■ **TASK DESCRIPTION**
A word-for-word retyping of the listing below is required, with the pictures dropped.

■ **INFORMATION SHOWN**
+---+

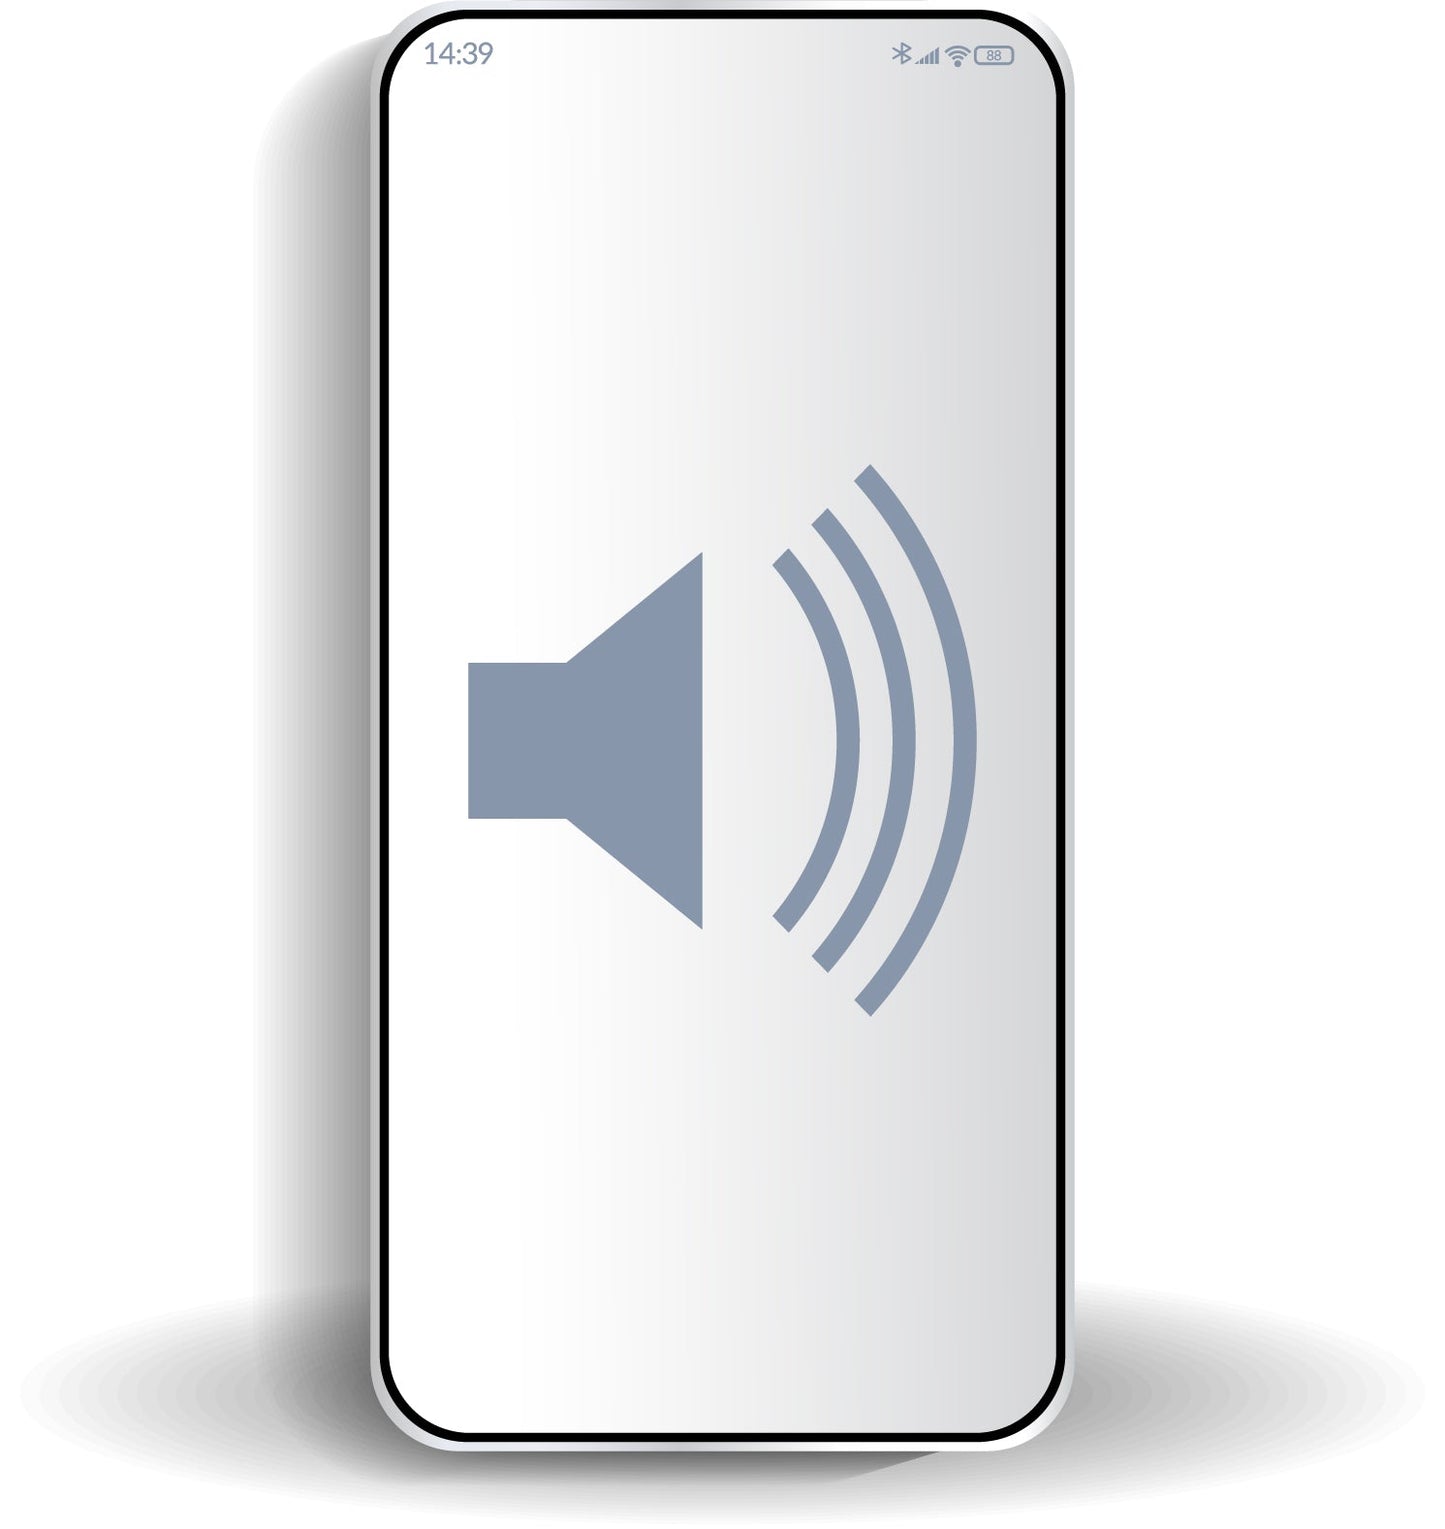 Samsung Galaxy S6 edge Audio Issue Repair.
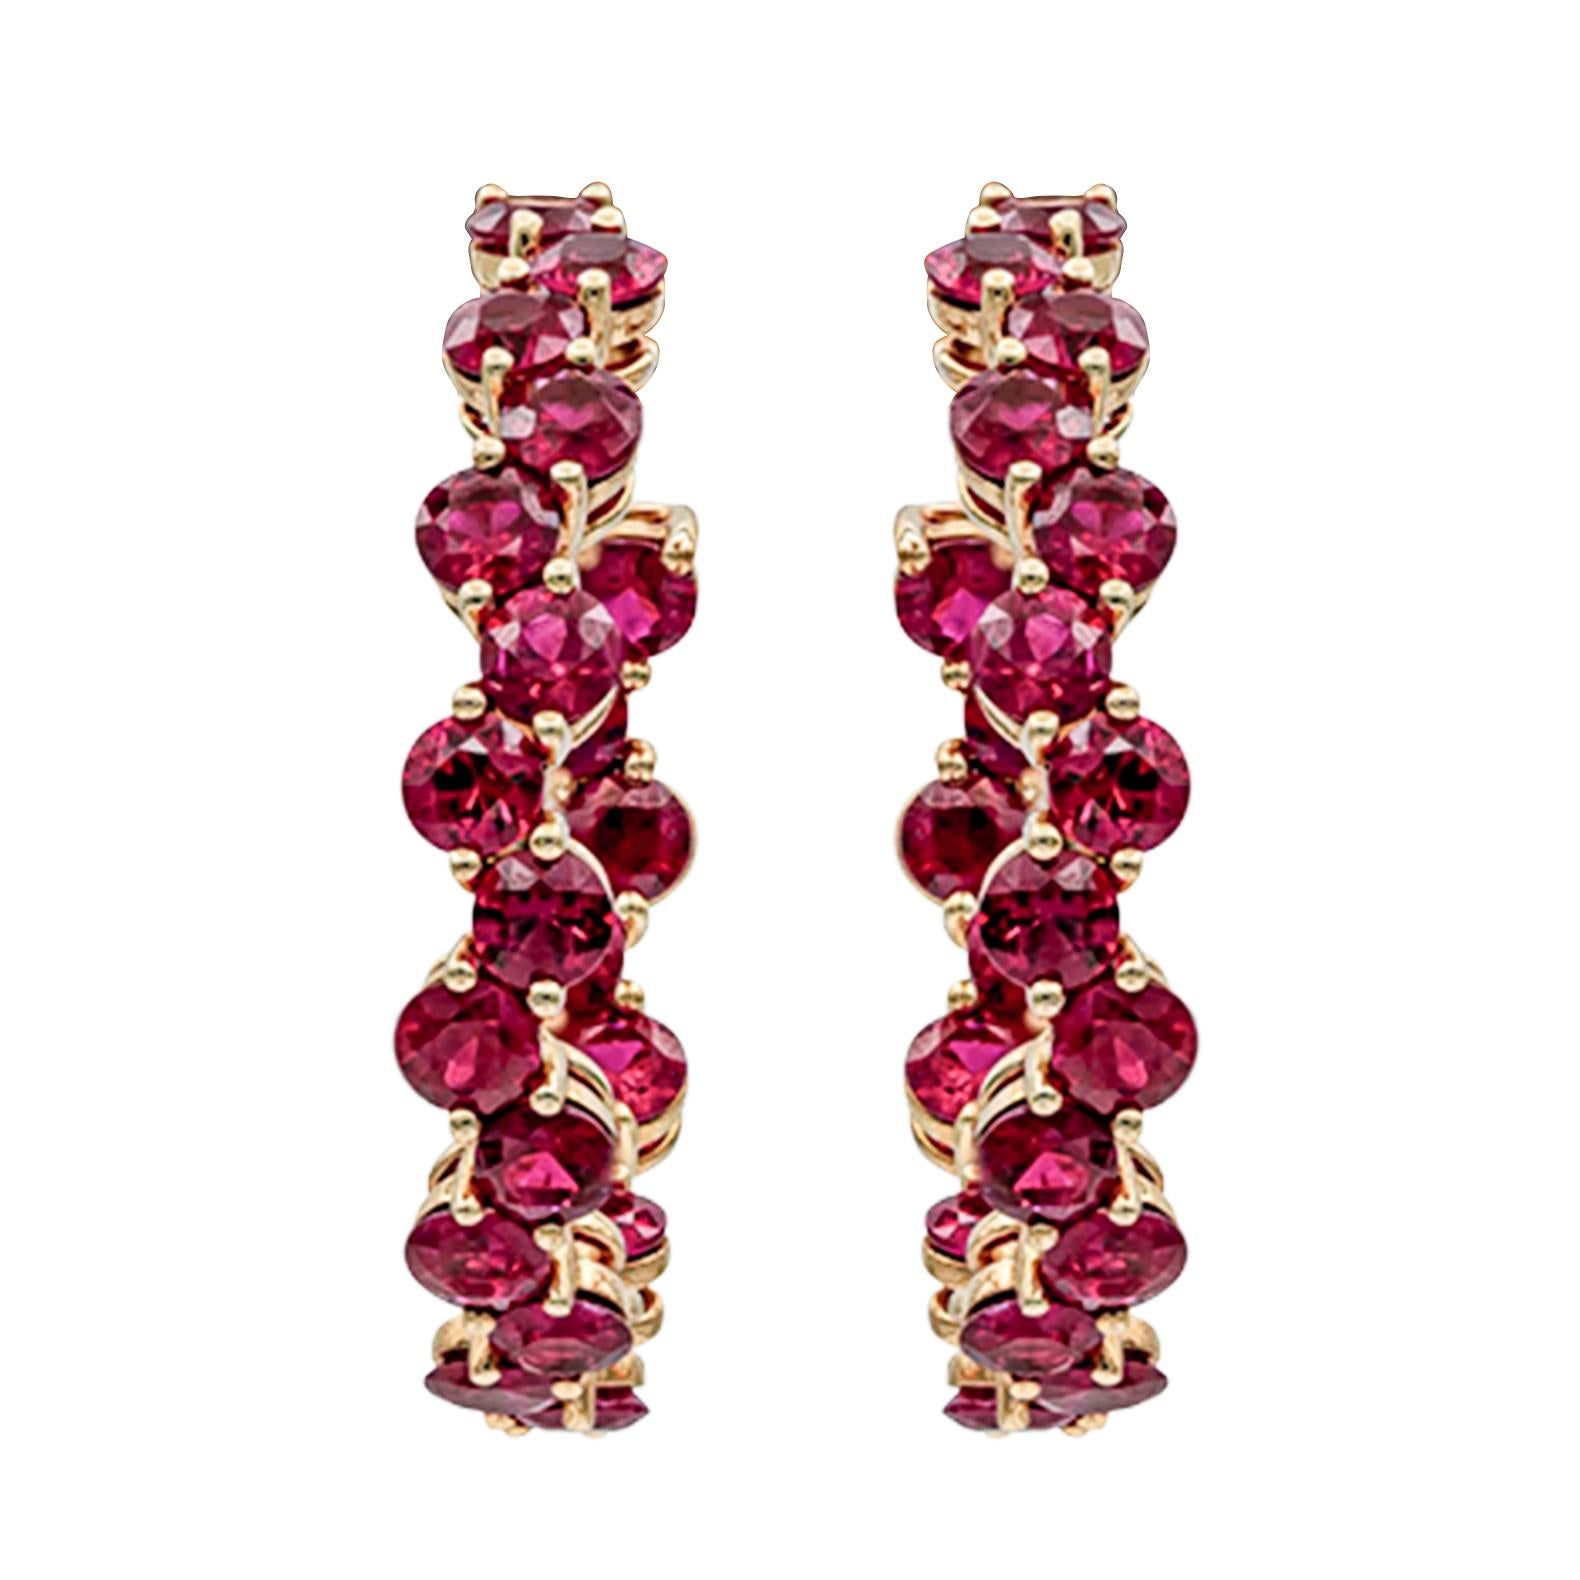 Une magnifique paire de boucles d'oreilles montrant 44 rubis riches en couleurs vibrantes sertis dans un motif de vagues pesant au total 8,11 carats. Parfaitement réalisé en or rose 18k.

Roman Malakov est une maison sur mesure, spécialisée dans la

+---+

■ **ANSWER TO THIS EXERCISE**
 Samsung Galaxy S6 edge Audio Issue Repair.
 Une magnifique paire de boucles d'oreilles montrant 44 rubis riches en couleurs vibrantes sertis dans un motif de vagues pesant au total 8,11 carats. Parfaitement réalisé en or rose 18k.

Roman Malakov est une maison sur mesure, spécialisée dans la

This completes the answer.